No not here, he shows some fang sometimes though! :lol:


----------



## jaromi

Yeah my wee mans does all the time.He had a stroke 14 months ago after having to have a procedure called a mylography(They inject dye into the spinal colum to see how much damage had been done)He was attacked by a dog and suffered a broken vertabra.He recovered well and i think it makes him even more special.Iam so lucky i still have him.x


----------



## cprcheetah

Zoey sticks her tongue out a lot. I think part is due to the fact she doesn't have bottom incisors, so they don't hold her tongue in her mouth  I think it's cute and adds to her adorable factor.


----------



## edel

yep ami and tyson do have their tongues out alot lol its vey cute . they only stick them out a lilttle


----------



## Natti

Pippi has a slight over-bite (and I mean slight!) and when she sleeps she often leaves the tip of her tongue hanging out


----------



## QUIGLEY'S MOM

Quigley sticks the tip of his tongue out the front of his mouth. It was worse until we had his teeth pulled. He had no room for the tomgue. LOL. He is so cute with that tip sticking out.


----------



## TLI

Gia sticks her tongue out a lot. She has one top tooth that is kinda pushed out though, so her tongue slides through there. Not to mention all the extra teeth in her mouth. I think it's the cutest thing!


----------



## 18453

Nope neither do here it's normal to do with their bite or missing teeth both mine have perfect bites so no toungage here


----------



## jessicao32

xxxangelxxx said:


> i have noticed that older chinese crested dogs has their tongues hanging out and when i collected kiki the breeder asked about lexis tongue as kikis brother stuck his tongue out alot. i now see that kiki does it regular especially when she is asleep, does your chi stick their tongue out. i actually think its cute and my partner seems to think its because they have such a long tongue for their size. i had chis growing up and none of them ever did it, just intertested to see if it is a common thing x


My first question would be how does the bite look? I personality dont have one that its tongue sticking out. The chihuahua my parents have does. Its due to the bite. 

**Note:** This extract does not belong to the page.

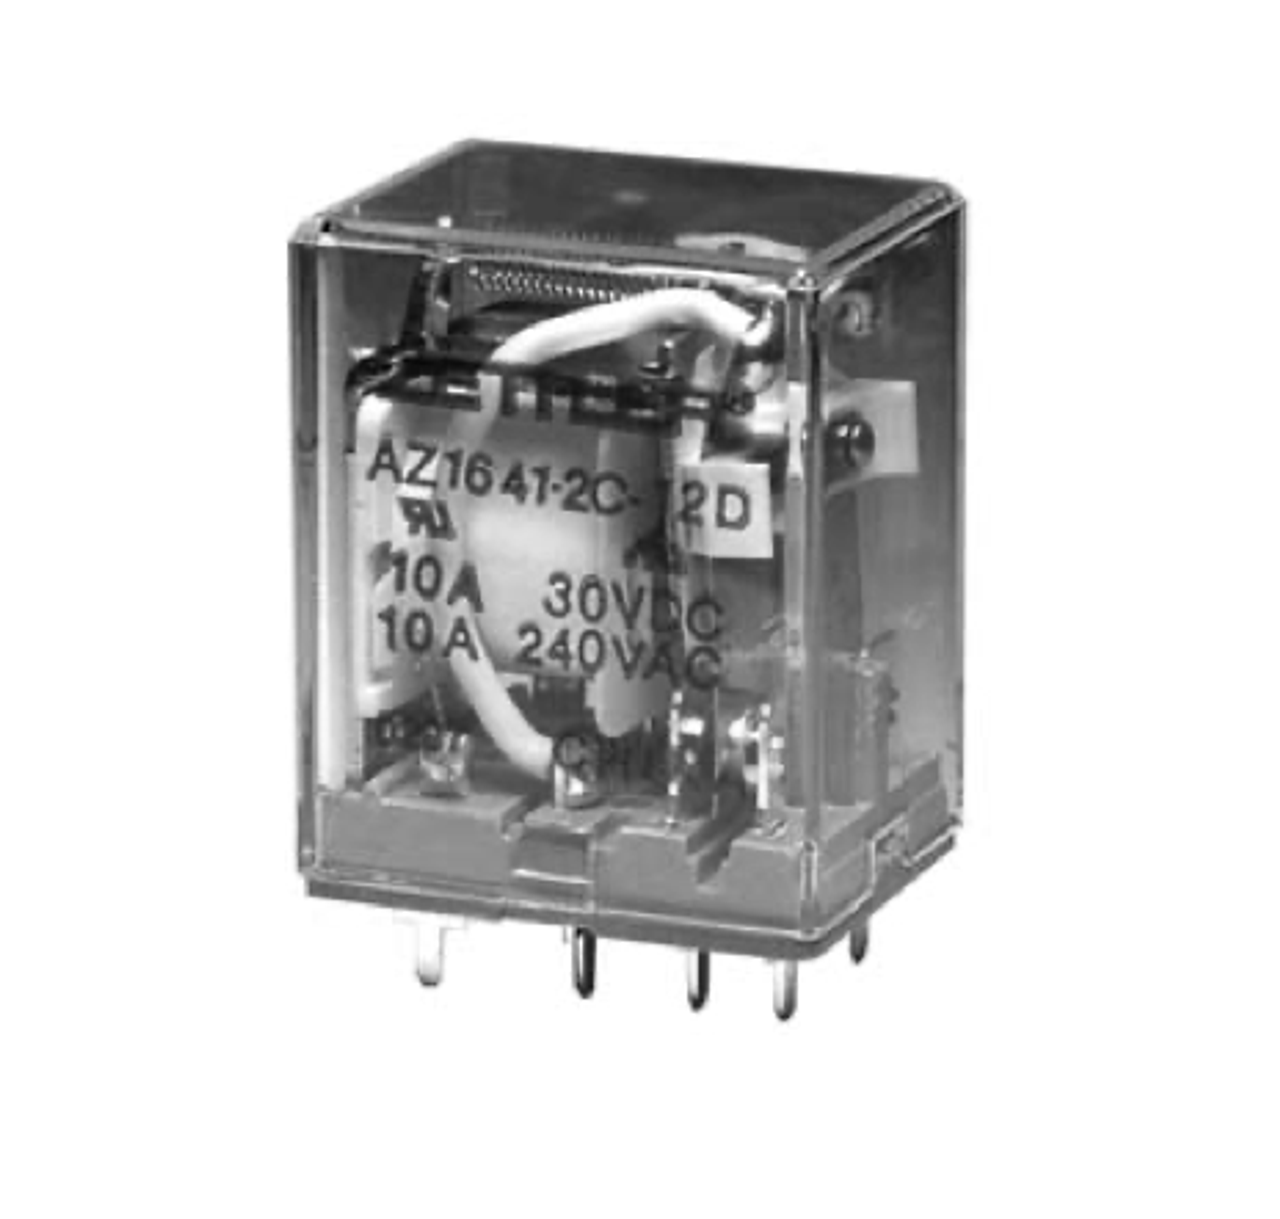 American Zettler AZ1641-3C-220A Power Relay

I know when My small little girl tongue is out when she is sleeping she is in a deep sleep. But she dont have a bite problem. 

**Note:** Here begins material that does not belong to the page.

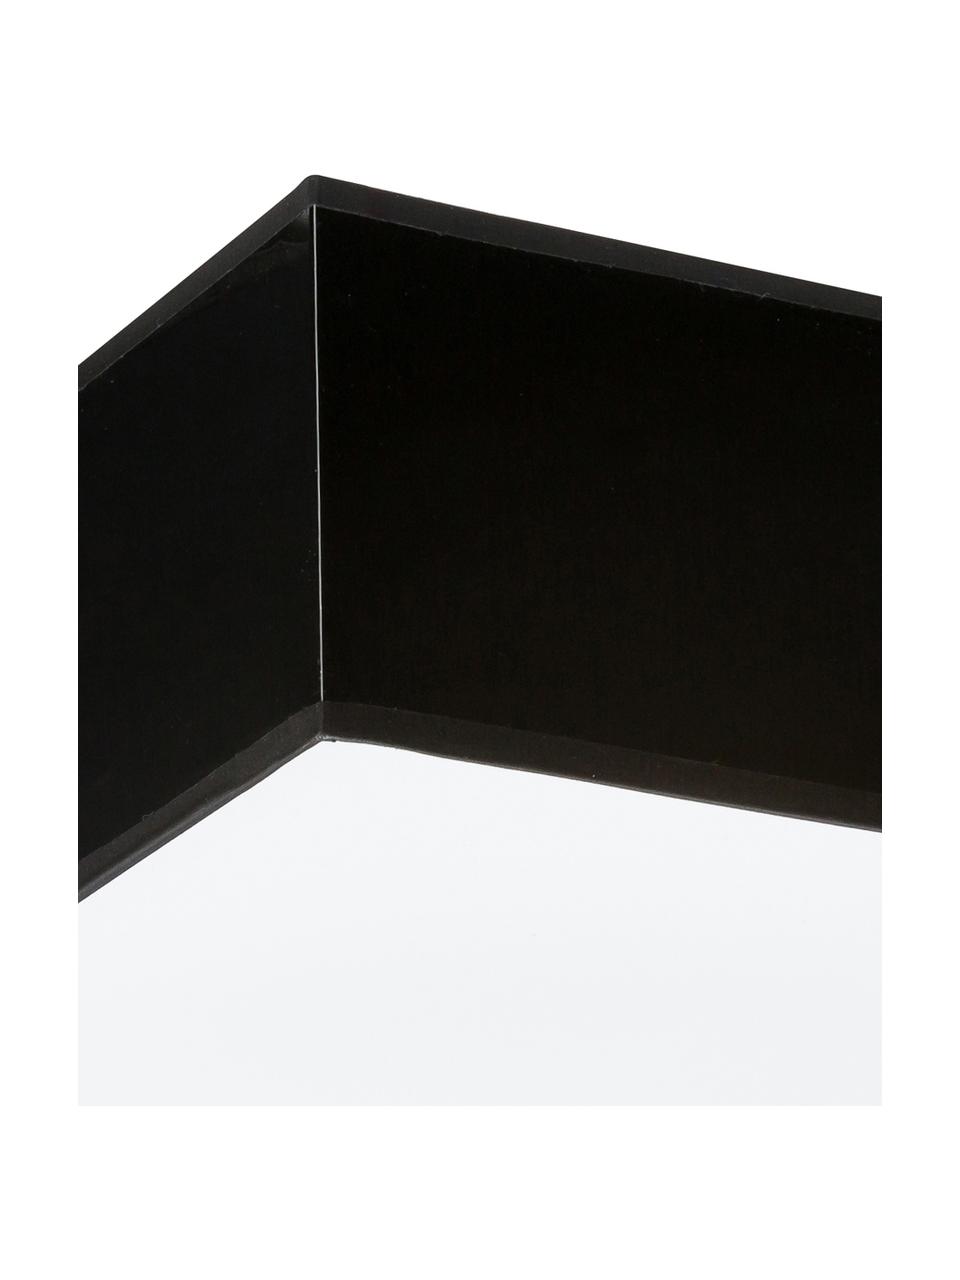 Moderne plafondlamp Mitra, Lampenkap: kunststof, Diffuser: kunststof, Frame: zwart. Diffuser: wit, 35 x 12 cm

Just some animals stick their tongue out.


----------



## MChis

Yeah, it's typically due to bite or teeth issues. Saying that, I have no regular tongue-ey Chi's. Marleys did a tiny bit while he was teething (he has a slight overbite) & once in a great while the tip will be sticking out but 99.99% of the time it's not. I think those with tongues sticking out all the time are adorable though & they always make me smile when seeing them!


----------



## MsGramma

Mine do not but I think this is so adorable.When We got Zoey Her tongue was hanging out but has not since.


----------



## Chiboymom

Draco will let a tiny bit of his tongue hang out of the side of his mouth when he sleeps...I think it looks adorable.


----------



## foggy

Mine do not, but I think it's the cutest thing!


----------



## lyndsey

yea boo and bonnie always do it i think they look really cute wen they do it


----------



## xxxangelxxx

thanks all, she seems to do it more when she is asleep but usually it is only the tip of the tongue, i think its adorable too, especially if i have told her off it looks like she pokes her tongue out at me lol she knows i cant stay cross at her for long x


----------